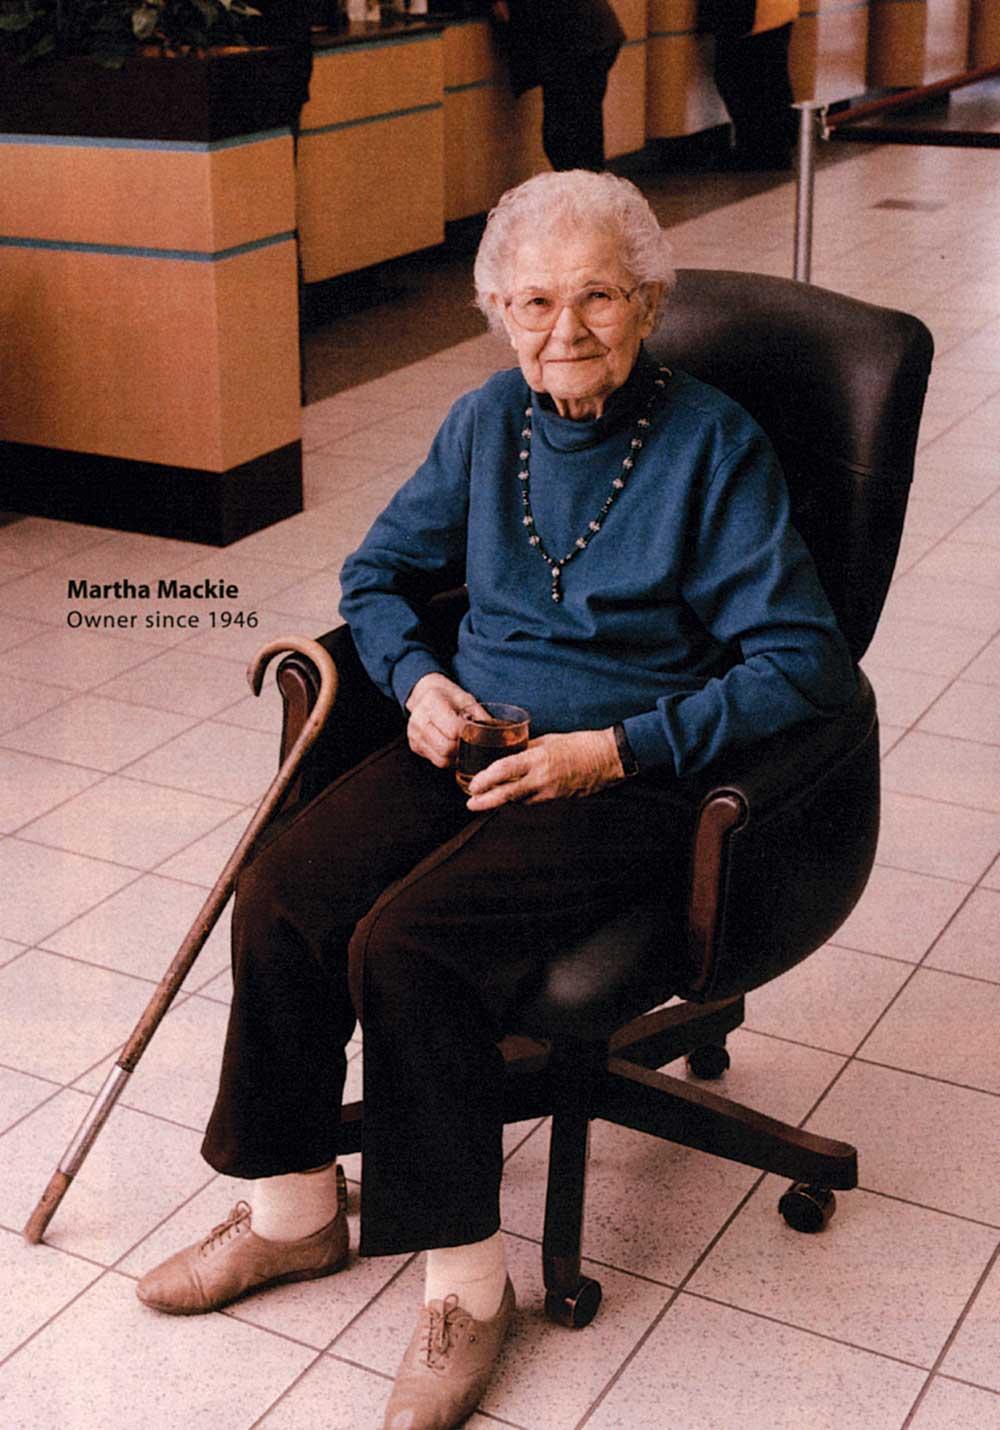 Martha Mackie
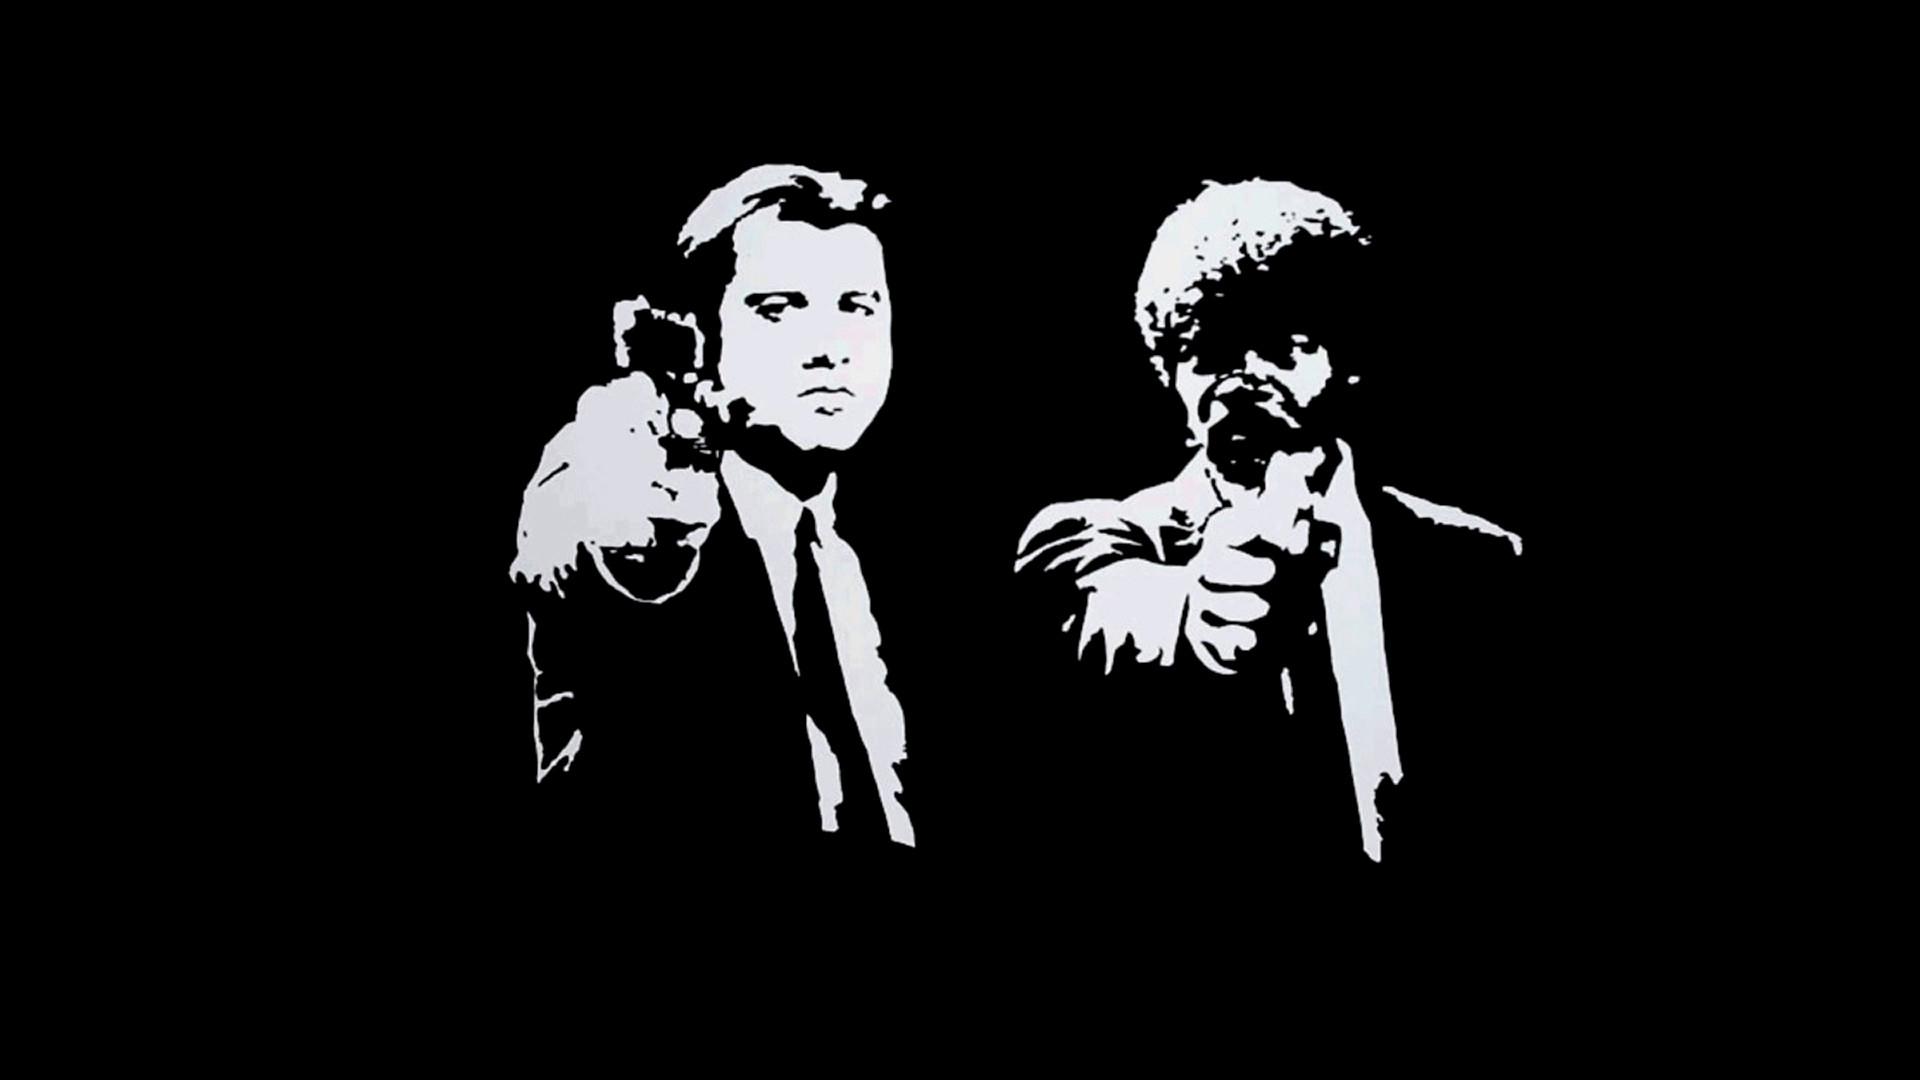 Pulp Fiction | Movie fanart | fanart.tv
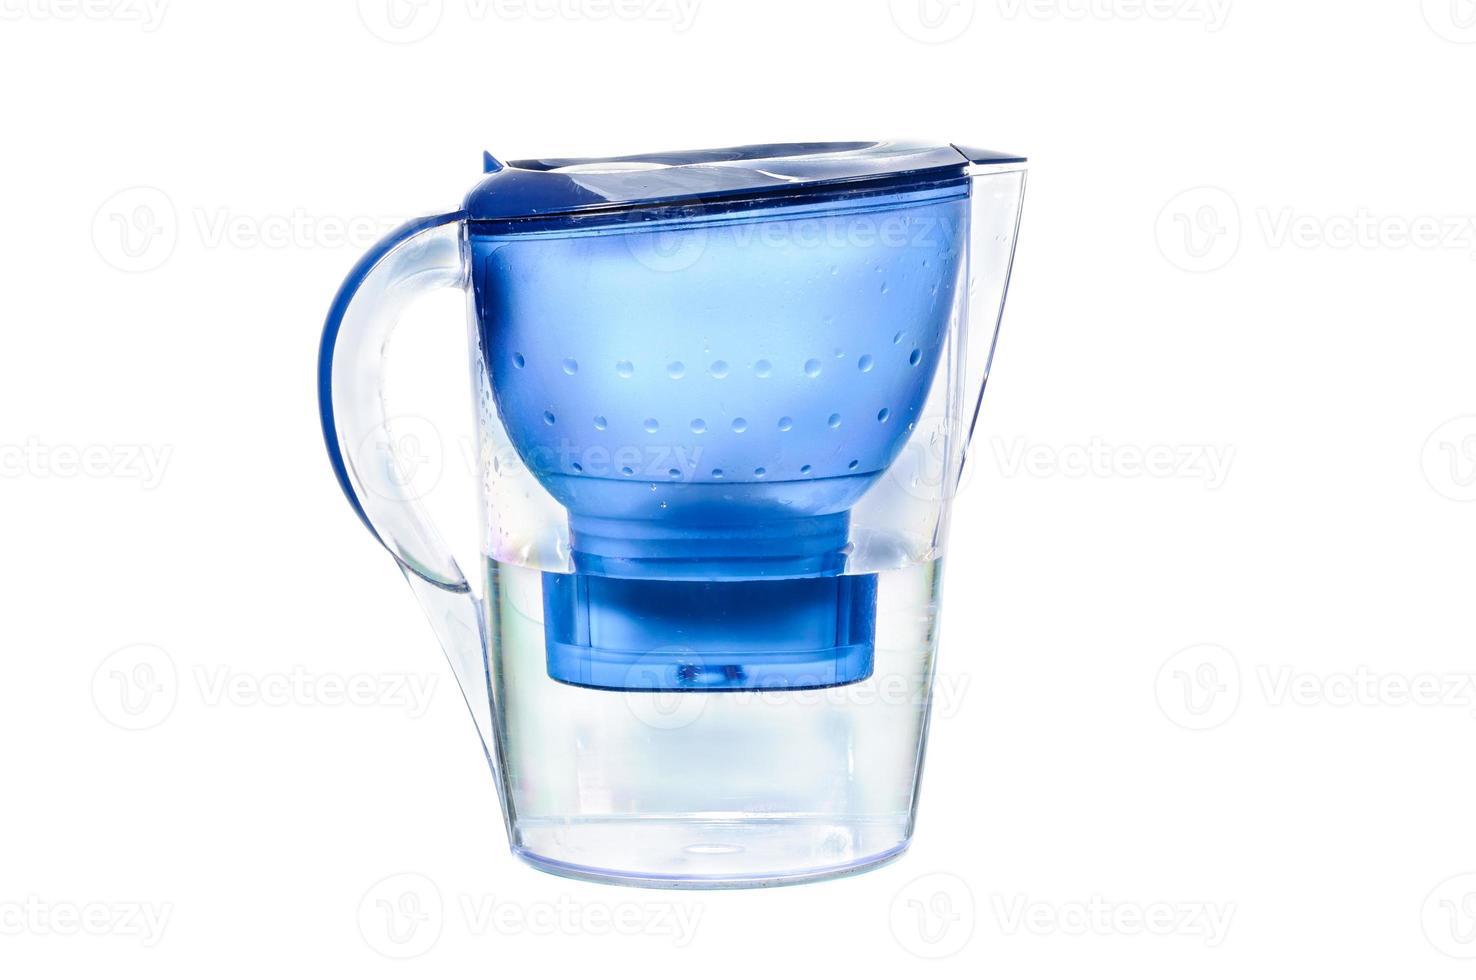 água filtrada fresca para beber foto
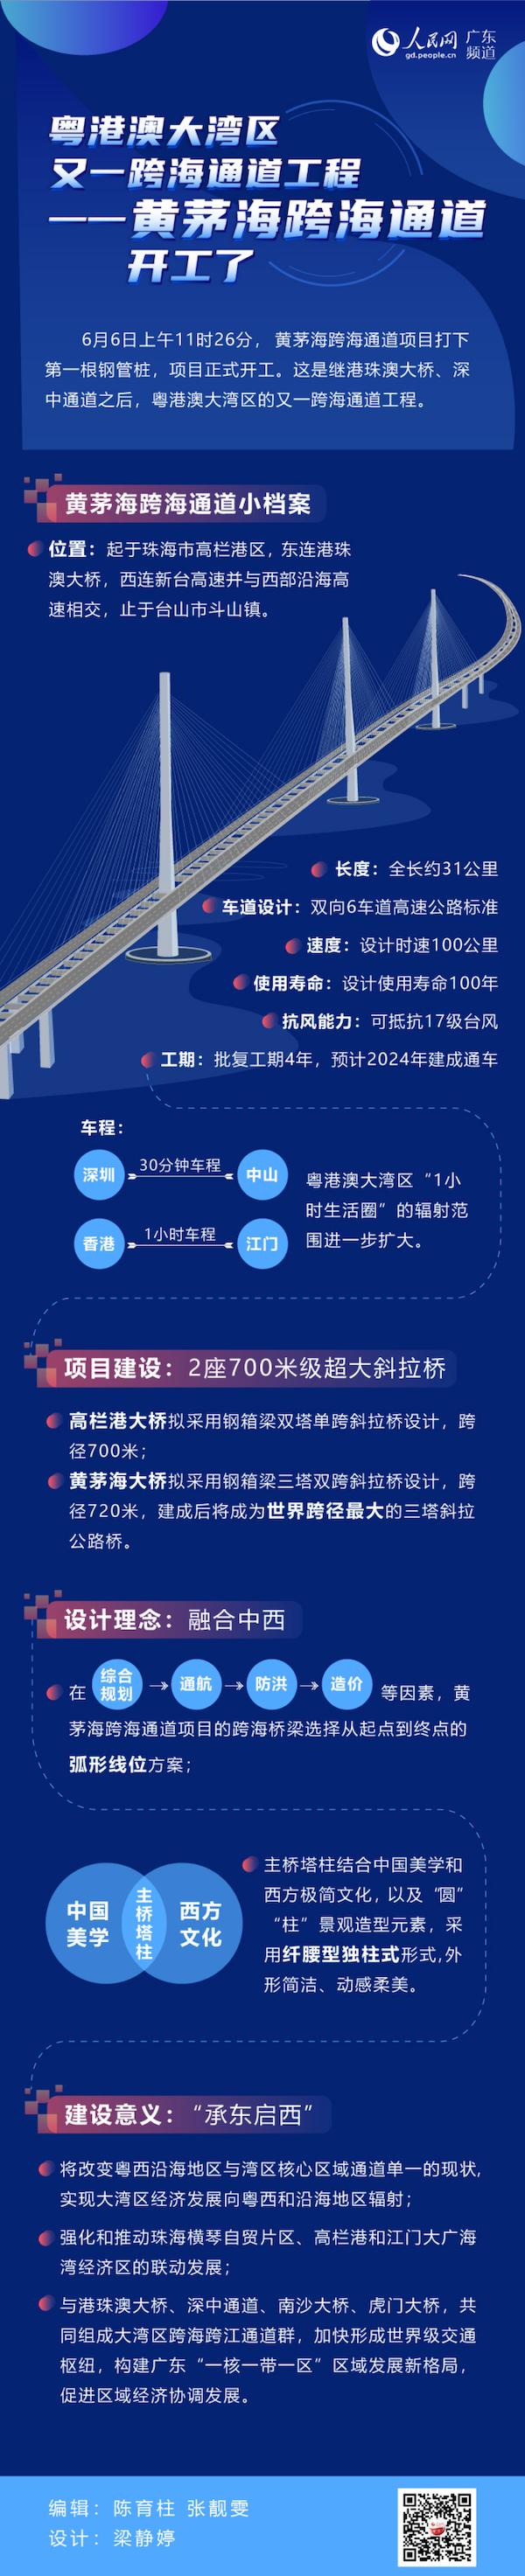 导出图片Mon Jun 15 2020 10_24_36 GMT+0800 (中国标准时间).png
******************************
Could you give back the full listing word for word, leaving out the images?

ANSWER TO THIS TASK:
 Martha Mackie
 Pulp Fiction | Movie fanart | fanart.tv
 água filtrada fresca para beber foto
 导出图片Mon Jun 15 2020 10_24_36 GMT+0800 (中国标准时间).png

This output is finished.